TASK TO COMPLETE
Reproduce the data that follows precisely.

***** DATA FOR PROCESSING

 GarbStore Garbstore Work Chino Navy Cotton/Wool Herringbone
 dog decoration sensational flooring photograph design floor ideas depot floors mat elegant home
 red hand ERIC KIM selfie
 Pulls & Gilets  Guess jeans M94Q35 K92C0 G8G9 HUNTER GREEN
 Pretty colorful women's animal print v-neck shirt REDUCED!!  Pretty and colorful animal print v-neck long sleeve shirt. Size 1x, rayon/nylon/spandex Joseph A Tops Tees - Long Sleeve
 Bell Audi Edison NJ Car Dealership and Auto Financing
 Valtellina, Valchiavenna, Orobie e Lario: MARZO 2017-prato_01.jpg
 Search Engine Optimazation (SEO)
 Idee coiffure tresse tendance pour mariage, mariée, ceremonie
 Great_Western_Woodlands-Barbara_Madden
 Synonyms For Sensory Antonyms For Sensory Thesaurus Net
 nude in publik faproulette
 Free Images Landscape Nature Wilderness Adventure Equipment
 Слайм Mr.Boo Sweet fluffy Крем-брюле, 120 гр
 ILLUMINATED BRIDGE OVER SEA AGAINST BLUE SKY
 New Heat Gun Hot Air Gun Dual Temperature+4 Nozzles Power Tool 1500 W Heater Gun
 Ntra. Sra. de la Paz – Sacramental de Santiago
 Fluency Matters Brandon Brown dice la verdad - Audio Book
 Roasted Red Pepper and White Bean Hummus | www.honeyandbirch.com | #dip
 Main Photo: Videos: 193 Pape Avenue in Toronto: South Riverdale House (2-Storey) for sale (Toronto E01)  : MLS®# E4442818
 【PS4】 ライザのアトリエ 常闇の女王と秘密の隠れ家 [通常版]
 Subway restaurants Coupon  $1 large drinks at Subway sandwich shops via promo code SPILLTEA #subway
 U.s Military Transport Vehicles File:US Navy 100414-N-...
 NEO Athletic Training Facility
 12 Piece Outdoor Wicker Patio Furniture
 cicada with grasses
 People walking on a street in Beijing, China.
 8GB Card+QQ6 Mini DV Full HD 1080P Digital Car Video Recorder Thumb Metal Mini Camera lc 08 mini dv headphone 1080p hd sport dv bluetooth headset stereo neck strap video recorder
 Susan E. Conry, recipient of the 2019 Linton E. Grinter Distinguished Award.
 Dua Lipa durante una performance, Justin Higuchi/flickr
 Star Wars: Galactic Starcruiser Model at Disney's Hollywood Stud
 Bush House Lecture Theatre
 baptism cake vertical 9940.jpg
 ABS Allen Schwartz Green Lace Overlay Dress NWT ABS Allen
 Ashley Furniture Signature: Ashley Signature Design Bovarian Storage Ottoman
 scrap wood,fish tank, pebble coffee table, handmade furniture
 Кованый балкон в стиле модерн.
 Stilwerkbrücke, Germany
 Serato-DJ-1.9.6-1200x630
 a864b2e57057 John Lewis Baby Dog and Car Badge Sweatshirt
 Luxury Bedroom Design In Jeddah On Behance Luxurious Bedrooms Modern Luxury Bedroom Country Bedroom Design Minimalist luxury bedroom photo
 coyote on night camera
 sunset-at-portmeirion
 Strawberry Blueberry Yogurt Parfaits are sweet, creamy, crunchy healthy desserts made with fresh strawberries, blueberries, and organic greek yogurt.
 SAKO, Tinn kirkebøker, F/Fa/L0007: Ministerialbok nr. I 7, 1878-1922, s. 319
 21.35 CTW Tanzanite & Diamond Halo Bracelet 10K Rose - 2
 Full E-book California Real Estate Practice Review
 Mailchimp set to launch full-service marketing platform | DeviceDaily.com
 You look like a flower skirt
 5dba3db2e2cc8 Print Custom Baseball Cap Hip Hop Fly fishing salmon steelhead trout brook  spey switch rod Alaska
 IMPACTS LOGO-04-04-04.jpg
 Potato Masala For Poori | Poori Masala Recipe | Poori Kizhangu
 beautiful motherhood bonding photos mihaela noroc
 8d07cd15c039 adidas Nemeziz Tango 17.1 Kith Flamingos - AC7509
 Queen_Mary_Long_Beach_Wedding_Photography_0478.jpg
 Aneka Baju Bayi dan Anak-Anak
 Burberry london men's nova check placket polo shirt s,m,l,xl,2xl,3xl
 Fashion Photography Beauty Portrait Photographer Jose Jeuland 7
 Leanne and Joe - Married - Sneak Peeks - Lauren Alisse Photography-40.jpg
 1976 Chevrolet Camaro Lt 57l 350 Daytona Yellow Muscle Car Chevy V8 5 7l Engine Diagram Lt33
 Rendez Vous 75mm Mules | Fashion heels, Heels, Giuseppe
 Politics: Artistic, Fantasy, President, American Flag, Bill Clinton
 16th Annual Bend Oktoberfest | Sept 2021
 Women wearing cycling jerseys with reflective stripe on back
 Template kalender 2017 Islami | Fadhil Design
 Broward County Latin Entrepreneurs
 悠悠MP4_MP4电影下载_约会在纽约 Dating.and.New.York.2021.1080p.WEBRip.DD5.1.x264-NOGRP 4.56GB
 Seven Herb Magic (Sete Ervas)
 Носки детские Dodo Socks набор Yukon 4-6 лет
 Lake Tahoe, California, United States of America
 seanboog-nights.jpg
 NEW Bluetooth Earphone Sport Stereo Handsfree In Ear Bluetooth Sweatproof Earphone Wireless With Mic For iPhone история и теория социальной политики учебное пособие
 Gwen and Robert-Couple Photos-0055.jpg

**********

ANSWER SPACE
 GarbStore Garbstore Work Chino Navy Cotton/Wool Herringbone
 dog decoration sensational flooring photograph design floor ideas depot floors mat elegant home
 red hand ERIC KIM selfie
 Pulls & Gilets  Guess jeans M94Q35 K92C0 G8G9 HUNTER GREEN
 Pretty colorful women's animal print v-neck shirt REDUCED!!  Pretty and colorful animal print v-neck long sleeve shirt. Size 1x, rayon/nylon/spandex Joseph A Tops Tees - Long Sleeve
 Bell Audi Edison NJ Car Dealership and Auto Financing
 Valtellina, Valchiavenna, Orobie e Lario: MARZO 2017-prato_01.jpg
 Search Engine Optimazation (SEO)
 Idee coiffure tresse tendance pour mariage, mariée, ceremonie
 Great_Western_Woodlands-Barbara_Madden
 Synonyms For Sensory Antonyms For Sensory Thesaurus Net
 nude in publik faproulette
 Free Images Landscape Nature Wilderness Adventure Equipment
 Слайм Mr.Boo Sweet fluffy Крем-брюле, 120 гр
 ILLUMINATED BRIDGE OVER SEA AGAINST BLUE SKY
 New Heat Gun Hot Air Gun Dual Temperature+4 Nozzles Power Tool 1500 W Heater Gun
 Ntra. Sra. de la Paz – Sacramental de Santiago
 Fluency Matters Brandon Brown dice la verdad - Audio Book
 Roasted Red Pepper and White Bean Hummus | www.honeyandbirch.com | #dip
 Main Photo: Videos: 193 Pape Avenue in Toronto: South Riverdale House (2-Storey) for sale (Toronto E01)  : MLS®# E4442818
 【PS4】 ライザのアトリエ 常闇の女王と秘密の隠れ家 [通常版]
 Subway restaurants Coupon  $1 large drinks at Subway sandwich shops via promo code SPILLTEA #subway
 U.s Military Transport Vehicles File:US Navy 100414-N-...
 NEO Athletic Training Facility
 12 Piece Outdoor Wicker Patio Furniture
 cicada with grasses
 People walking on a street in Beijing, China.
 8GB Card+QQ6 Mini DV Full HD 1080P Digital Car Video Recorder Thumb Metal Mini Camera lc 08 mini dv headphone 1080p hd sport dv bluetooth headset stereo neck strap video recorder
 Susan E. Conry, recipient of the 2019 Linton E. Grinter Distinguished Award.
 Dua Lipa durante una performance, Justin Higuchi/flickr
 Star Wars: Galactic Starcruiser Model at Disney's Hollywood Stud
 Bush House Lecture Theatre
 baptism cake vertical 9940.jpg
 ABS Allen Schwartz Green Lace Overlay Dress NWT ABS Allen
 Ashley Furniture Signature: Ashley Signature Design Bovarian Storage Ottoman
 scrap wood,fish tank, pebble coffee table, handmade furniture
 Кованый балкон в стиле модерн.
 Stilwerkbrücke, Germany
 Serato-DJ-1.9.6-1200x630
 a864b2e57057 John Lewis Baby Dog and Car Badge Sweatshirt
 Luxury Bedroom Design In Jeddah On Behance Luxurious Bedrooms Modern Luxury Bedroom Country Bedroom Design Minimalist luxury bedroom photo
 coyote on night camera
 sunset-at-portmeirion
 Strawberry Blueberry Yogurt Parfaits are sweet, creamy, crunchy healthy desserts made with fresh strawberries, blueberries, and organic greek yogurt.
 SAKO, Tinn kirkebøker, F/Fa/L0007: Ministerialbok nr. I 7, 1878-1922, s. 319
 21.35 CTW Tanzanite & Diamond Halo Bracelet 10K Rose - 2
 Full E-book California Real Estate Practice Review
 Mailchimp set to launch full-service marketing platform | DeviceDaily.com
 You look like a flower skirt
 5dba3db2e2cc8 Print Custom Baseball Cap Hip Hop Fly fishing salmon steelhead trout brook  spey switch rod Alaska
 IMPACTS LOGO-04-04-04.jpg
 Potato Masala For Poori | Poori Masala Recipe | Poori Kizhangu
 beautiful motherhood bonding photos mihaela noroc
 8d07cd15c039 adidas Nemeziz Tango 17.1 Kith Flamingos - AC7509
 Queen_Mary_Long_Beach_Wedding_Photography_0478.jpg
 Aneka Baju Bayi dan Anak-Anak
 Burberry london men's nova check placket polo shirt s,m,l,xl,2xl,3xl
 Fashion Photography Beauty Portrait Photographer Jose Jeuland 7
 Leanne and Joe - Married - Sneak Peeks - Lauren Alisse Photography-40.jpg
 1976 Chevrolet Camaro Lt 57l 350 Daytona Yellow Muscle Car Chevy V8 5 7l Engine Diagram Lt33
 Rendez Vous 75mm Mules | Fashion heels, Heels, Giuseppe
 Politics: Artistic, Fantasy, President, American Flag, Bill Clinton
 16th Annual Bend Oktoberfest | Sept 2021
 Women wearing cycling jerseys with reflective stripe on back
 Template kalender 2017 Islami | Fadhil Design
 Broward County Latin Entrepreneurs
 悠悠MP4_MP4电影下载_约会在纽约 Dating.and.New.York.2021.1080p.WEBRip.DD5.1.x264-NOGRP 4.56GB
 Seven Herb Magic (Sete Ervas)
 Носки детские Dodo Socks набор Yukon 4-6 лет
 Lake Tahoe, California, United States of America
 seanboog-nights.jpg
 NEW Bluetooth Earphone Sport Stereo Handsfree In Ear Bluetooth Sweatproof Earphone Wireless With Mic For iPhone история и теория социальной политики учебное пособие
 Gwen and Robert-Couple Photos-0055.jpg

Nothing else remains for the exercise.